Django-nonrel Google App Engine Python Website
In this article I want to talk a little about the development of my project - egaxegax.appspot.com .
Since I am a big fan of the Python language, I decided to create my site on the popular Django framework. To use it on the free hosting appspot.com , I adapted the code to use the NoSQL version of django and the Google App Engine platform .
The site has existed since the 12th year. I use it as a platform to learn django and appengine live. It’s also interesting to study statistics on it in Google Webmasters: search indexes, queries. For example, for myself, I found out that Google indexes title headings for search, and not the contents of meta tags.
It all started with the Articles section - small notes on software topics: scripts, configs, examples of use. But the articles quickly ended. But creating new ones in a large volume does not work. Something more was needed.
Somewhere somewhere on the Web I downloaded an archive of files with lyrics and chords of songs. Added to them a couple of dozen of his rebounds and decided to put everything on the site. In total, about 25,000 files were obtained. Manually do not load so much. To do this, I wrote a song_conv.bat script that converts text files into dumps for loading table data into the GAE DataStore .
The data loading had to be divided into several stages due to restrictions on the number of write operations per day in the DataStore. It turned out to record about 700-800 records (files) per day.

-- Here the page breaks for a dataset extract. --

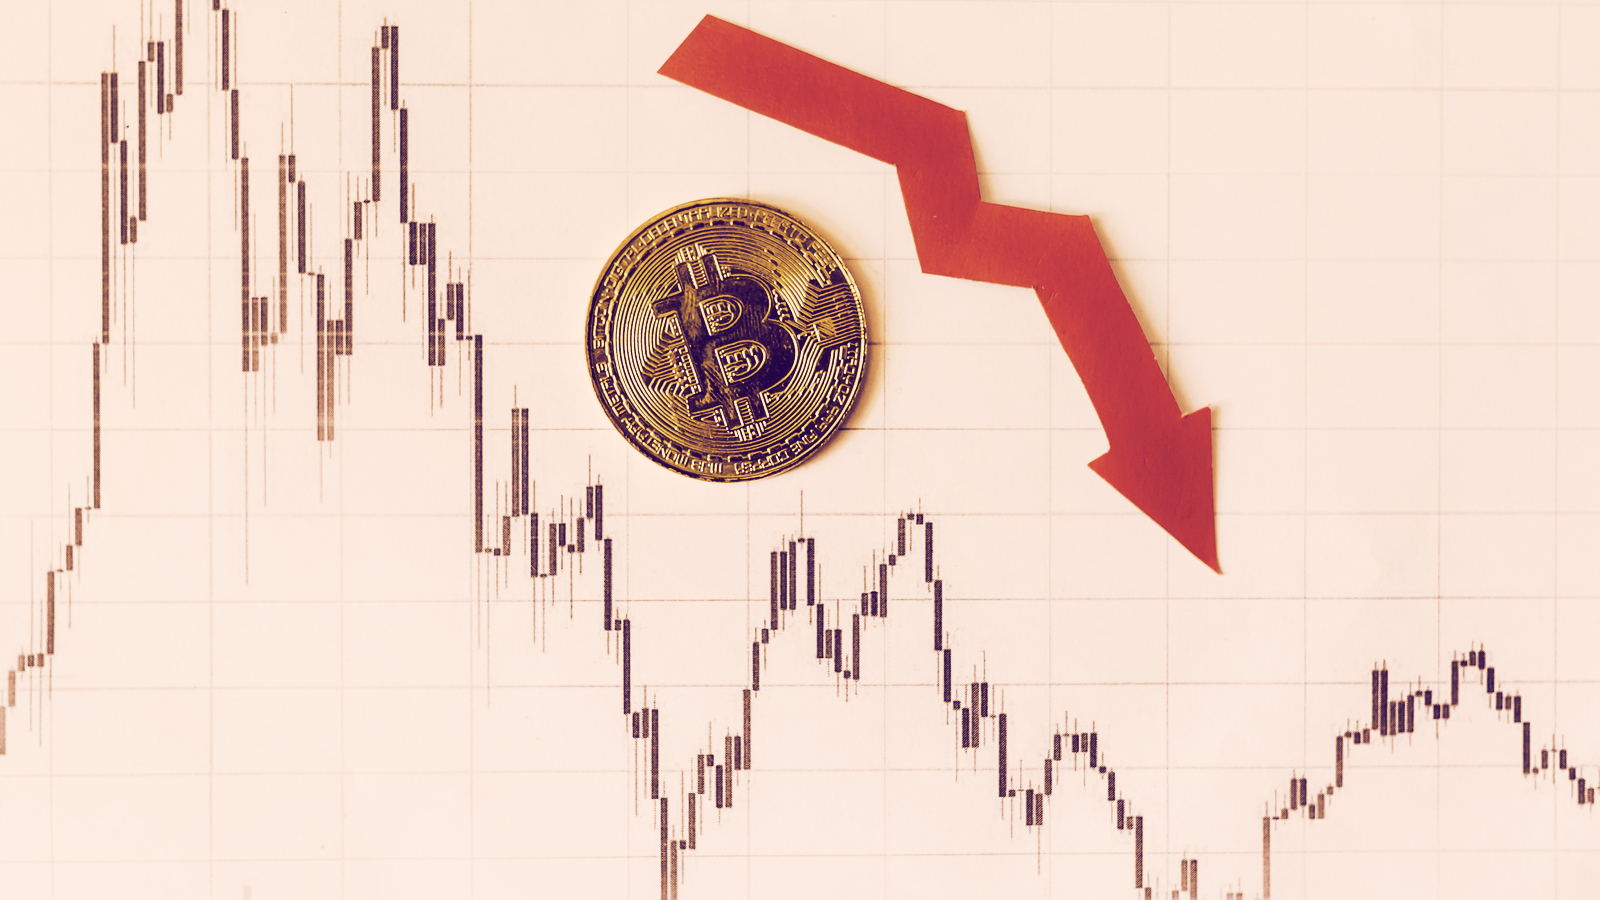 Bitcoin price falls again. Image: Shutterstock

In this way, I downloaded the first portion of texts with an object of about 11,000 files (records in the DataStore). After that, I wrote the song_upload.py script to download data through the POST request using the HTTP protocol. Thus, I simulate filling out the fields of the input form and processing goes through the same controller. Data loading speed has decreased, but I can debug the data insertion locally.
After loading the data after some time, when the page was opened, the error 503 Server Error: Over Quota began to appear more and more often. Having studied the logs on the server, I found out that the main users of my site were googlebot and yandexbot, which access pages with an interval of 2-3 minutes. The error occurs because the limit on the number of operations per day for reading from the DataStore is exceeded.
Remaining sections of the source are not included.